There has been a lot of talk by some of the critics of the Google Books Settlement (GBS) about how it gives Google a monopoly on orphan works. But most of the commentators who have talked about orphan works and the Google settlement are sloppy in their language. In this post, I want to clarify the language and then make a stab at some numbers.
There are two sets of books governed by the settlement. First, there are the in-copyright but out of print books whose rights holders sign up with Google. We can call these "active rights holders." Second, there are the in-copyright but out-of-print books whose authors do not register with Google or the Books Rights Registry: the "inactive rights holders."
Some like to call this second group "orphan works," but that is wrong. This latter group actually consists of two separate groups. First, there are rights holders who could be easily located but who have chosen not to sign up with the Registry. Foreign authors whose works are normally protected by their national reproduction rights organization come readily to mind. I suspect that many could not conceive that their works could be used without their explicit permission and so see no need to register. Others may not learn of the settlement in spite of Google's advertising campaign. Because these authors could be easily identified and located, however, their works are not orphan works. The other portion of the "inactive rights holders" subset are the true orphan works: works whose copyright owners either cannot be located either because they cannot be identified or because their whereabouts are unknown.
The scope of the orphan works problem
Trying to come up with numbers is a very challenging task, but here is a quick attempt to get some ballpark figures. First, we need to look at the potential scope of Google's database. The Lavoie article on the Google 5 said that WorldCat contained 32 million print book records in 2005. I think that number is too high because we know that there is a tremendous amount of duplication in WorldCat, but let's use it as the outside potential limits of the Google database. Bowker's Global Books in Print reports 18.5 million book items in print, which leaves 13.5 million titles that are out-of-print. (Since that is a current figure and would include books published between 2005 and 2009, it is probably too high - but I also suspect that there are many in-print foreign titles that are not included. Let's use it.)
Lavoie reported that there were 5.4 million titles that were out of copyright (pre-1923), so we are left with roughly 8 million titles that are potentially in copyright but out of print. (Some of these would be American works that have not had their copyright renewed and hence are in the public domain, but I think the number could only be 150,000 1.7 million at most, and so I am going to ignore that).
[UPDATE: So I got a good question about the number of works that might have entered the public domain that pointed out that my original number is wrong. Here is my thinking: of the 8 million books, half are in English (following WorldCat numbers) and hence are likely to be American works. (I won't worry about books published only in England.) Of those 4 million, 63% according to Lavoie are after 1963, and still protected by copyright.

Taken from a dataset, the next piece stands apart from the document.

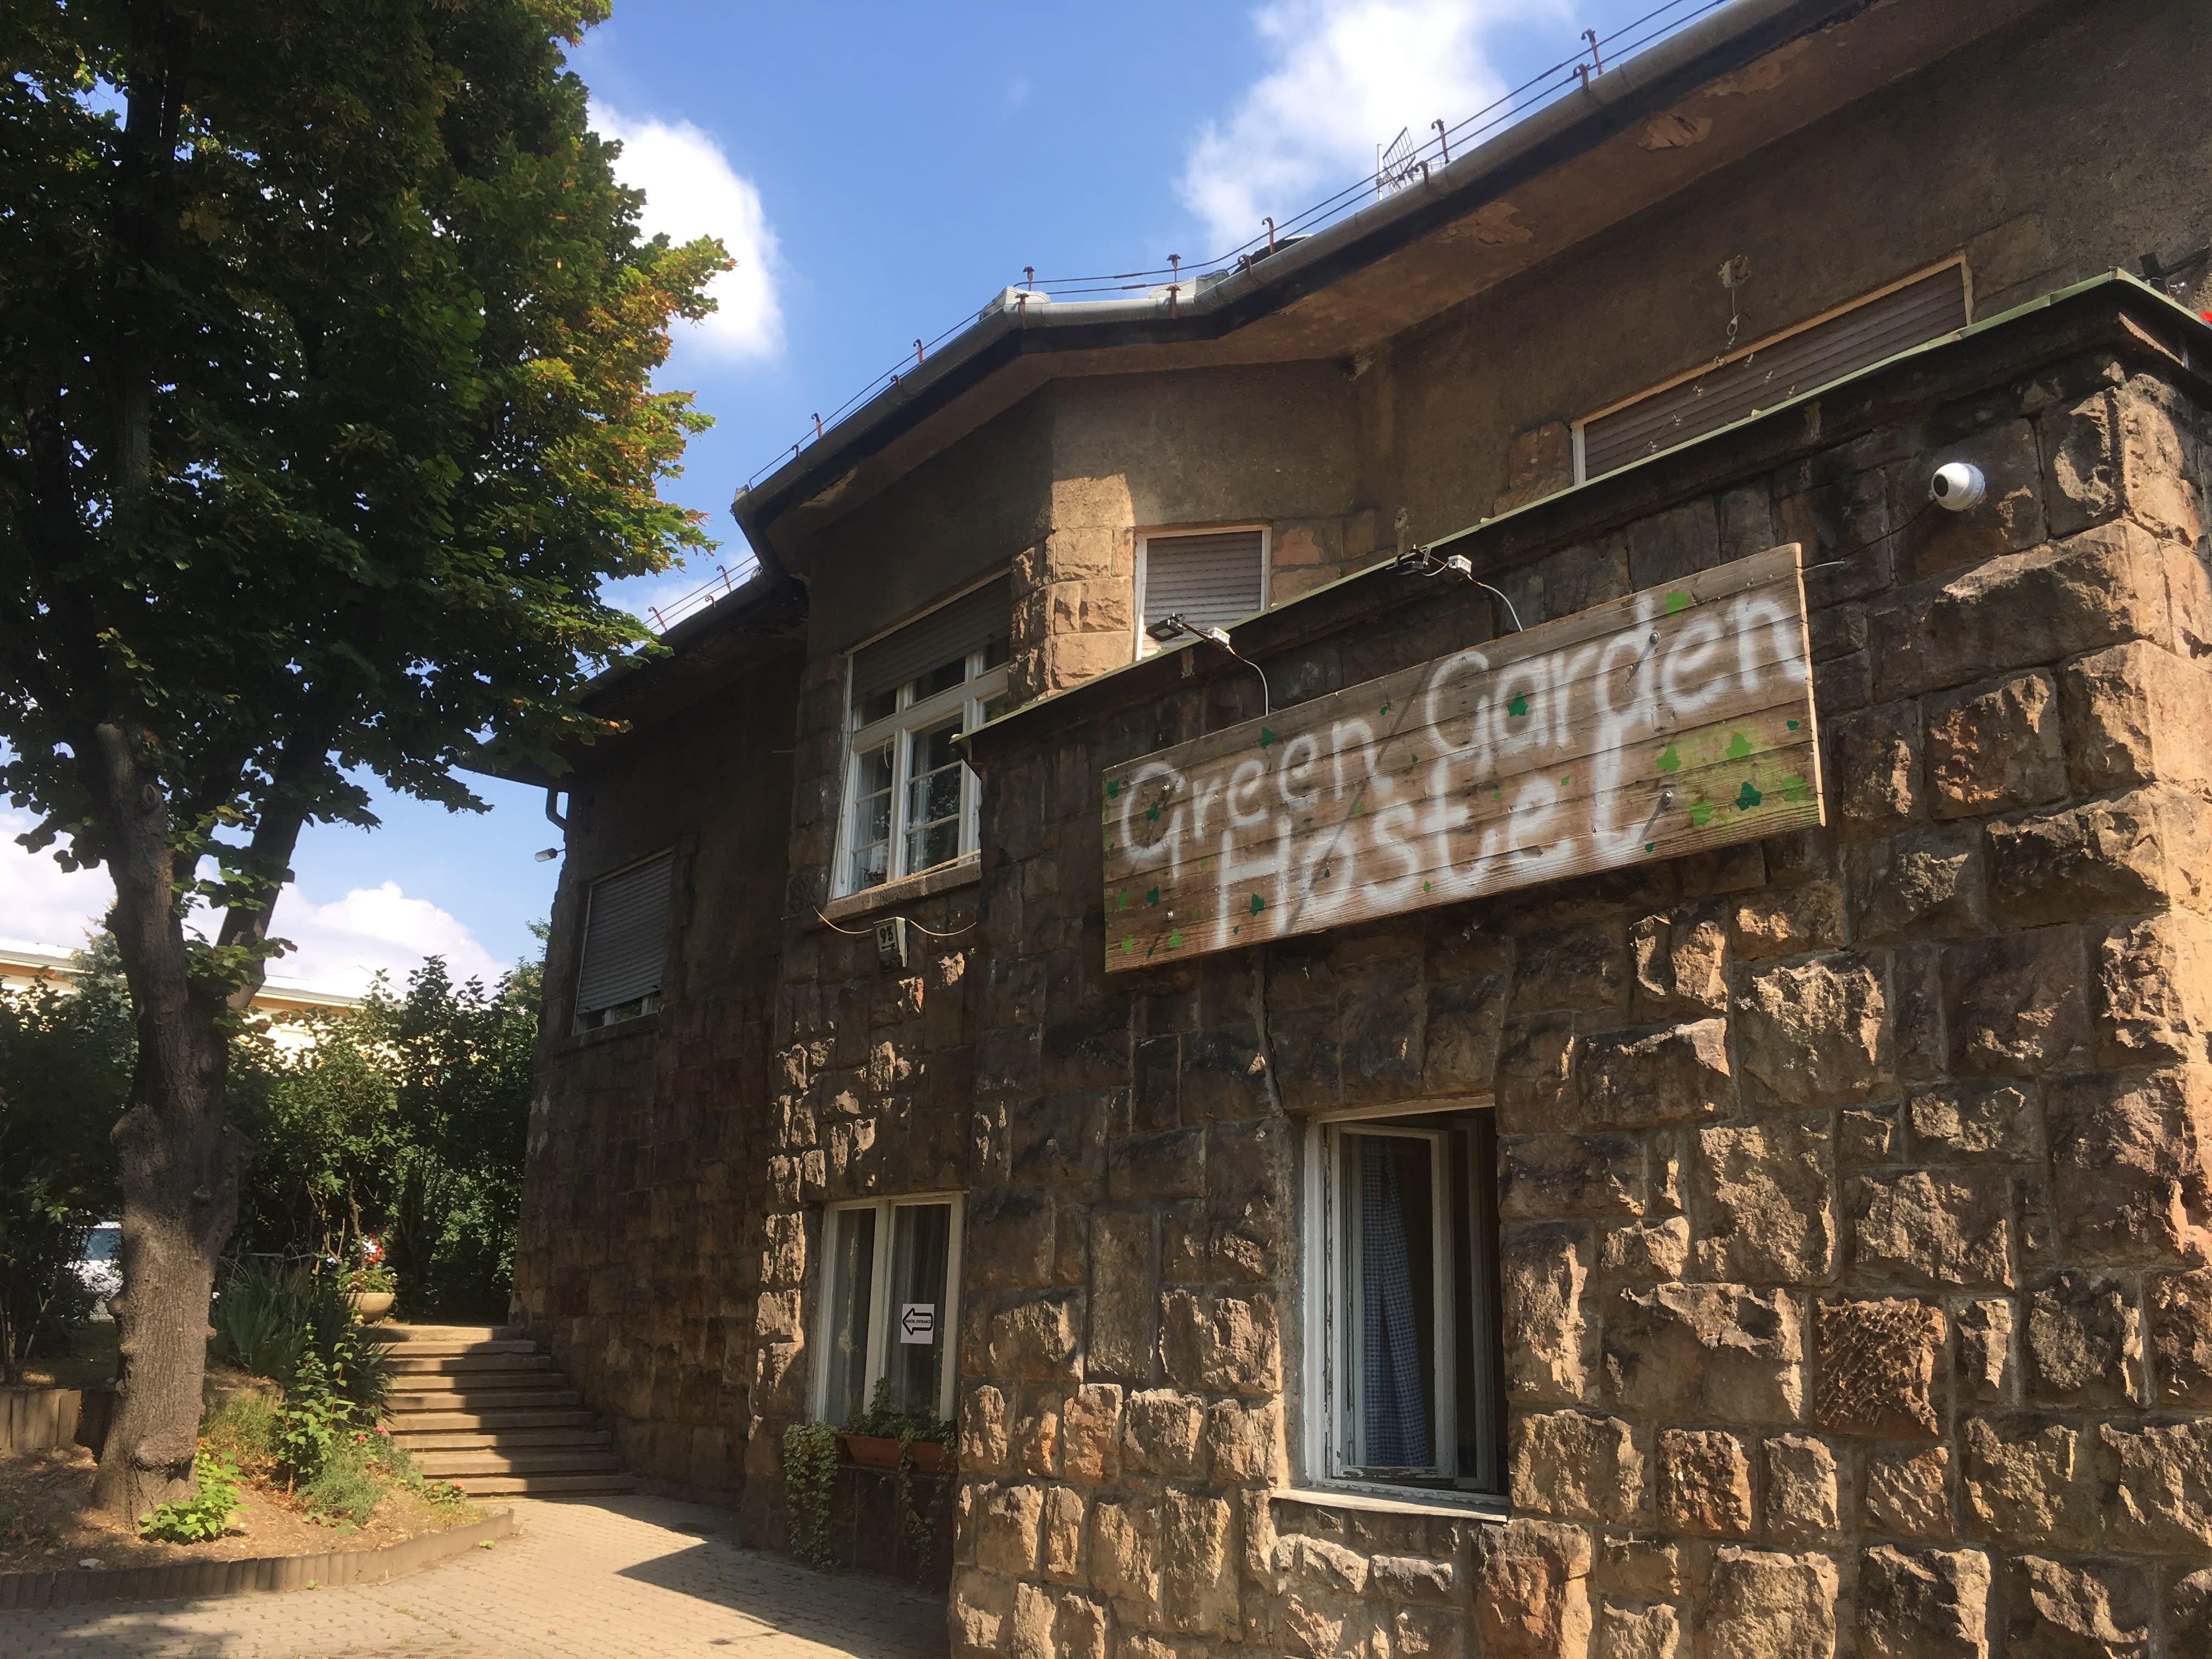 HOSTEL - Green Garden Hostel
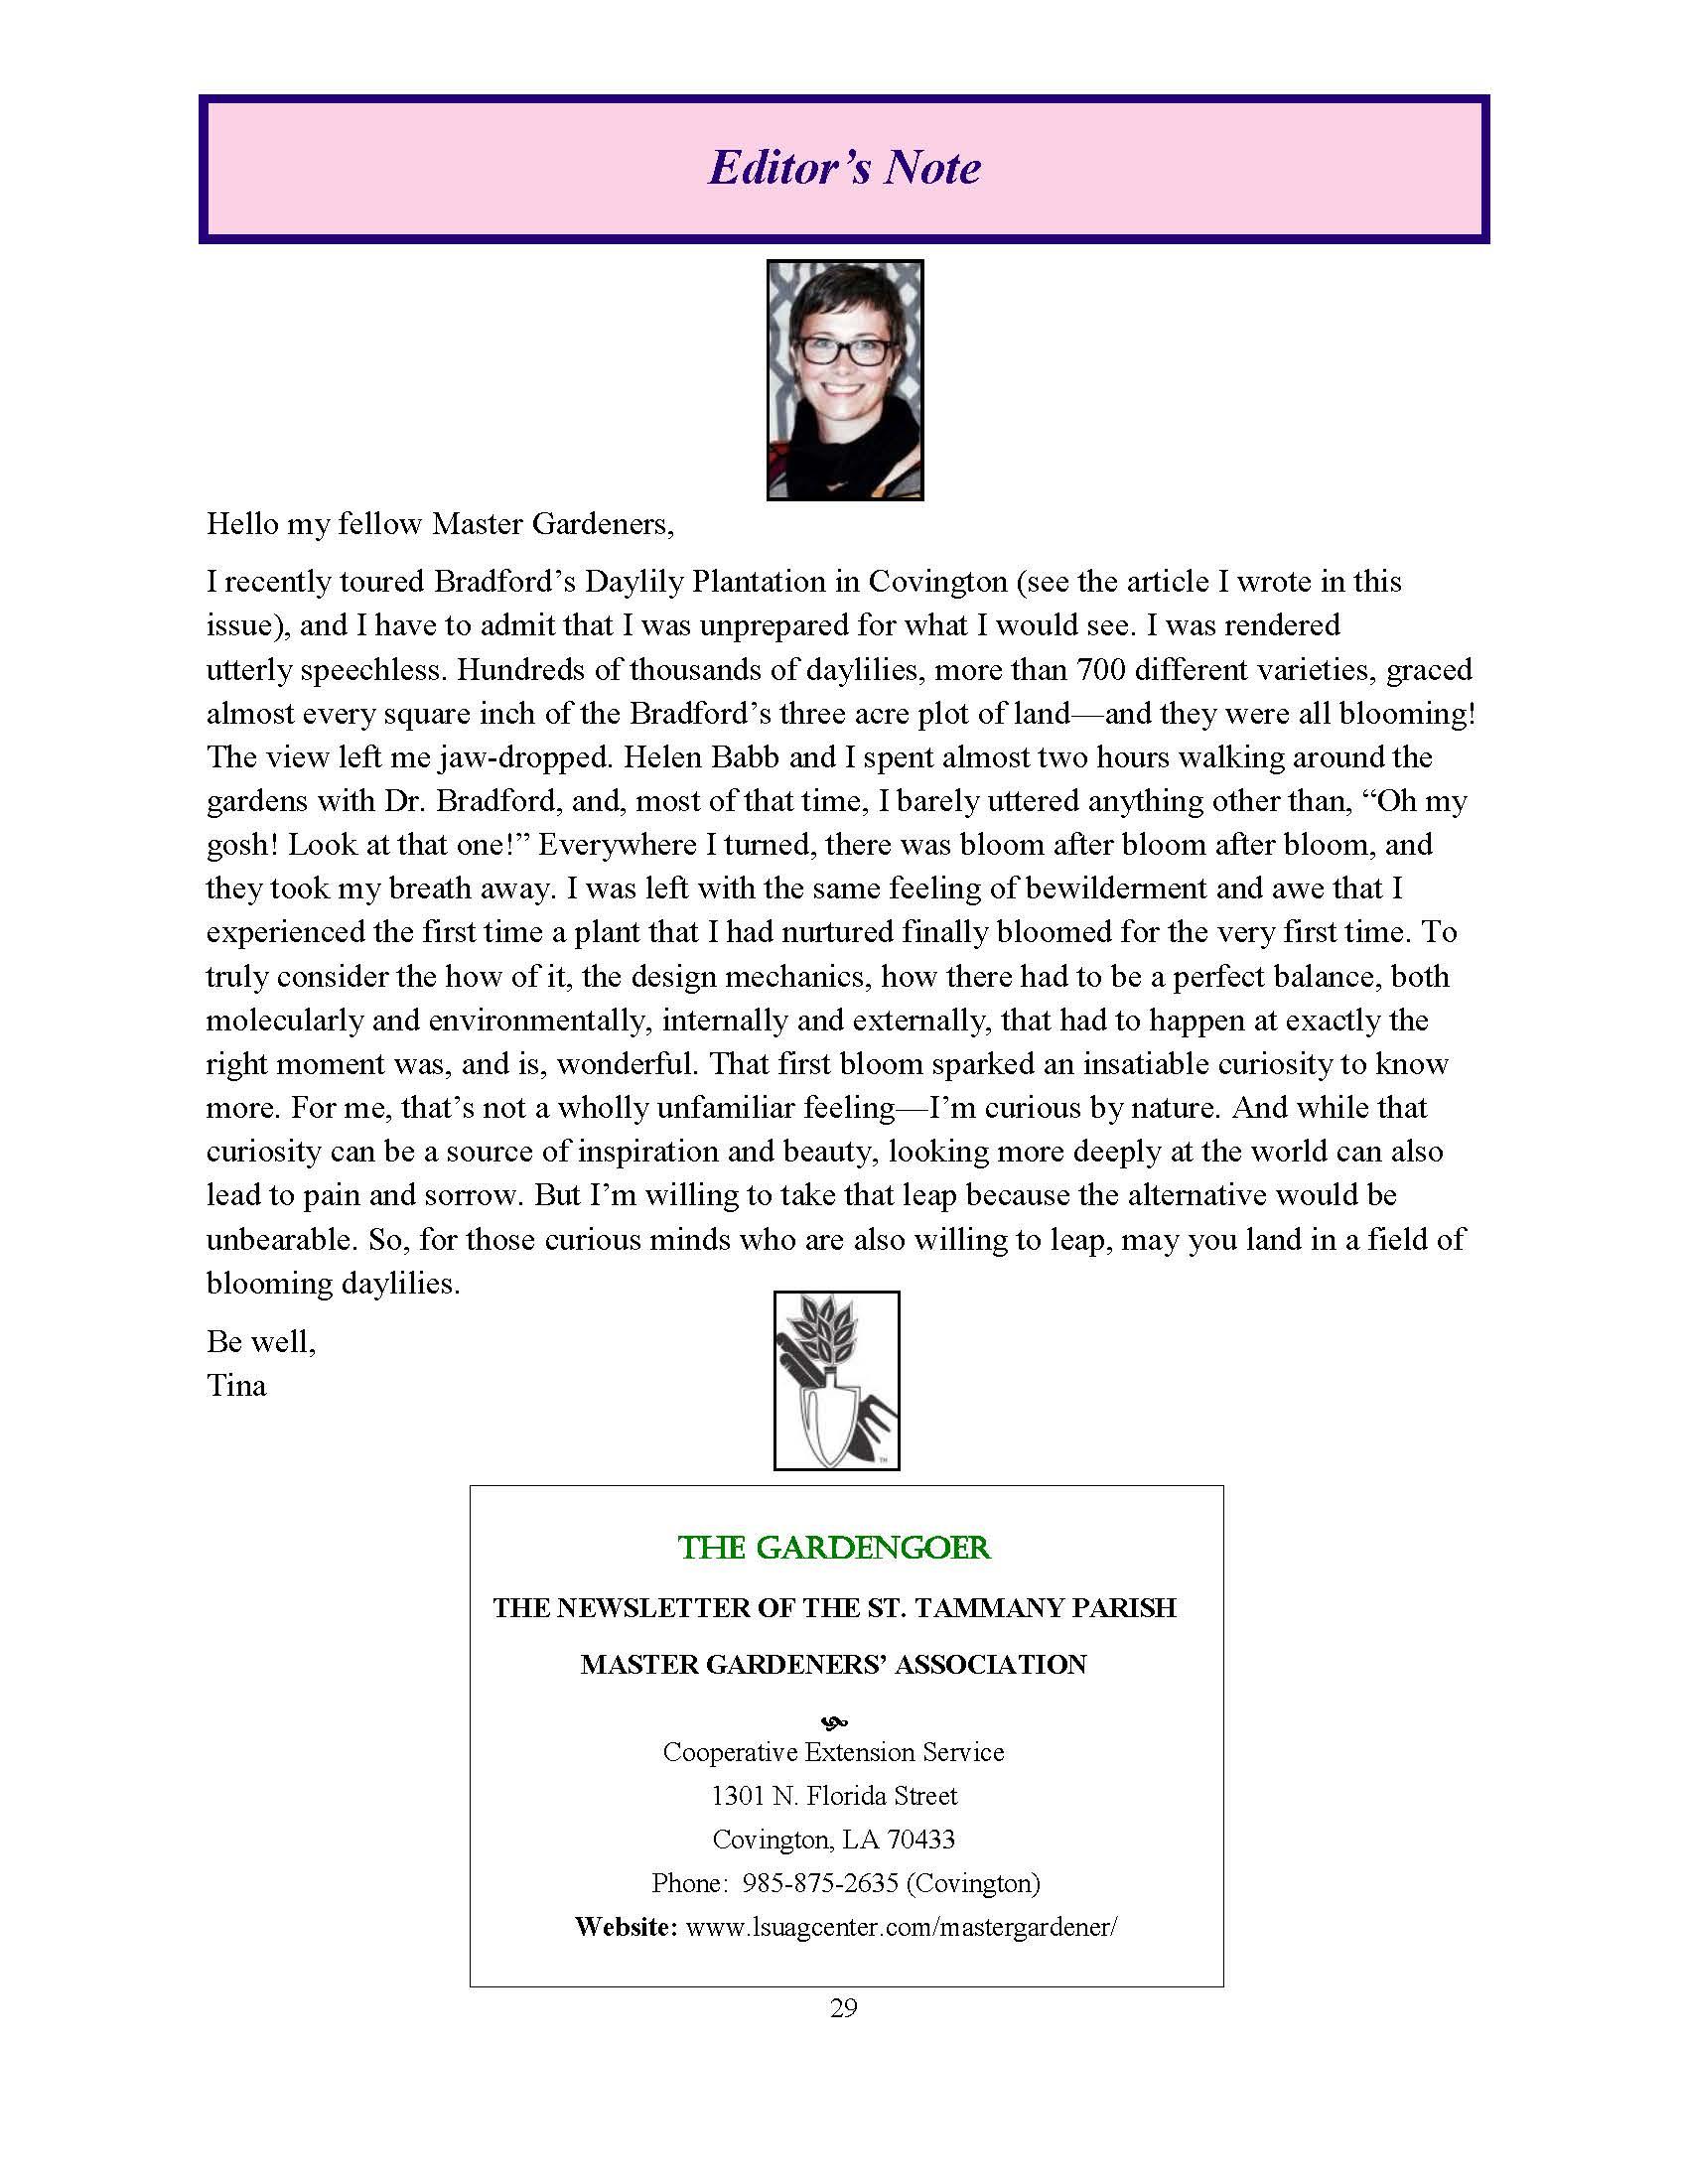 June 2017 Gardengoer_Page_29.jpg

That leaves 1.9 million works published between 1923 and 1964. A 1961 copyright study suggested that maybe 9% of these works were renewed and still protected by copyright, though recent work by Michigan indicates that 41% of the works are still protected by copyright. If we assume 90% are public domain, then 1.7 million works are public domain. If 59% are PD, then 1.1 million are PD. Let's call it 1.5 million - and the number of in-copyright but out of print works should drop from 8 million to 6.5 million.]
So we are talking about 8 [6.5] million works published since 1923 that are in copyright but out of print. Of those, how many are going to have inactive rights holders? What percentage of authors are going to register with Google, and what percentage will ignore the call? Or if we look another way - what percentage of these works are true orphans?
Denise Troll Covey's numbers might provide some guidance. In CMU's random trial, she was unable to locate 21% of publishers. (There random sample was not limited to out-of-print books, so the percentage might actually be too low.) If we assume that number would hold on the 8 [6.5] million, that would mean that we have about 1.7 [1.4] million true orphan works in the total database of 13.5  million. (That number might actually be smaller since some rights holders other than publishers might come forward via the settlement.) The remaining 11.8 [10.6 ] million books would either have rights holders who registered with Google or who choose not to register.
Even with orphan works legislation, these works would not be eligible for inclusion in a digitized books database since they are not true orphans. The Google Books settlement is the only way to get cost-effective access to them.
What we need in the settlement is a compulsory license that would allow anyone to license the use of a work maintained by a non-active rights holders, and not just orphan works.